Stepping out into the field, you blink at the mess before you. His eye needs to be completely remade while he’s missing his liver and part of his lung.
“What the fuck did you do this time?” you ask while kneeling beside his body, even if you don’t really care. You just want to raise him and return to your shop. Hopefully, Kyle’s still there and you can try flirting with him. Maybe you should Google how to flirt with a handsome man…
“I yelled at a crow,” he confessed. You freeze before slowly turning up to look at him.
“You yelled,” you slowly draw out, “at a crow.” The idiot gives a nod, flinching when you snap, “And you didn’t think there would be repercussions?!”
“It wasn’t a raven,” he tries to defend himself. You groan, before getting to work.
------------------------------------------------------------------------------A witch can be Bound to only one being at a time. If the person the witch is Bound to dies, then they must follow the laws of necromancy before trying to revive them. The death must not be tied to entropy or illness, nor must the soul have been sold to a demon. Should the death not fall into those categories and the witch is Bound, then they must revive the person.
“And he Bound you to him?” Kyle asks, sipping the tea you made upon your return to the shop.
“Unfortunately,” you tell him. And it is. If you had been half a second faster with that decay spell upon his first revival, you never would have needed to be König’s respawner. Kyle hums sympathetically, sipping the tea while looking at you. You groan, “This whole thing wouldn’t have happened if the dumb bitch just listened to me, but noooo. The witch doesn’t know what they’re talking about.”

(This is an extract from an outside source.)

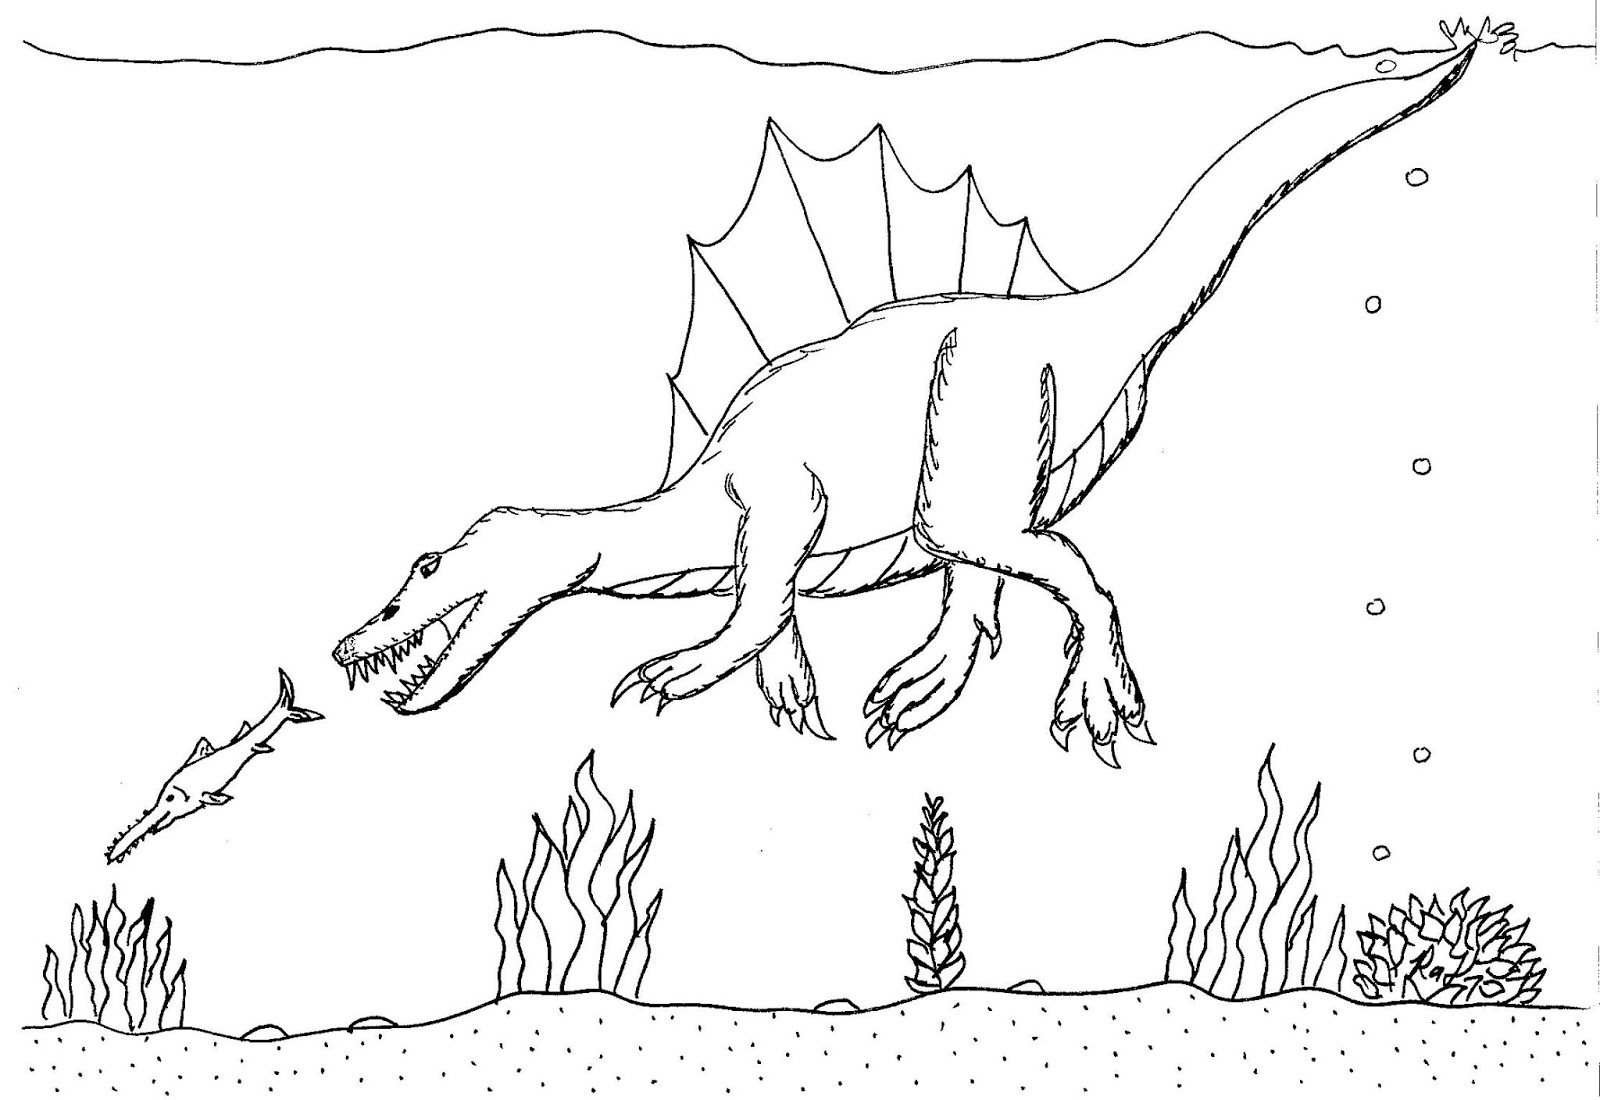 spinosaurus dinosaur coloring pages

“Dumb bitch?” Kyle asks, raising an eyebrow. You look up at him and huff, spinning your sad tale for him. From the murderous idiot to the break in, you tell him everything. Even how you killed König again with a decay spell.
“Really, you can argue if it’s called decay or rot,” you end up rambling again, “I was always taught that the spell is ‘decay’, but that word sounds softer than the spell’s effect.”
“Oh?” Kyle intones, perking up in interest. You almost continue on, only to pause. The last time you had dived into what a spell does, it had been a more harmless spell, yet the guy you were talking to (also a non-witch) had looked at you weirdly.
“What’s wrong?” Kyle asks, pulling you from your spiraling thoughts.
“Uh, n-nothing,” you spit out, looking down. Ogun coos and nudges at you, the only thing that you could talk to about the spells and how they might be misnamed or how they work in a different manner than their name would indicate. Kyle frowns and rests his hand on yours.
“Hey,” he coaxes softly, “It’s okay. You wanna talk about th’ spell?” You blink, surprised that he seemed to know just what you wanted to do.
“Yeah,” you admit, feeling your face warm in embarrassment.
“Well then,” he declares, settling into his seat, “Have at it.” You perk up, and it rushes out. How aggressive the spell can be, which doesn’t quite sound like decay. How the spell is also a cause of the decay, thus it wasn’t really decay, which only occurs over time. Rot, however, is due to something causing the break down.
“So basically, it should be a rot spell instead of decay,” you finish with a nod. Kyle smiles at you, obviously amused as he finishes off his tea.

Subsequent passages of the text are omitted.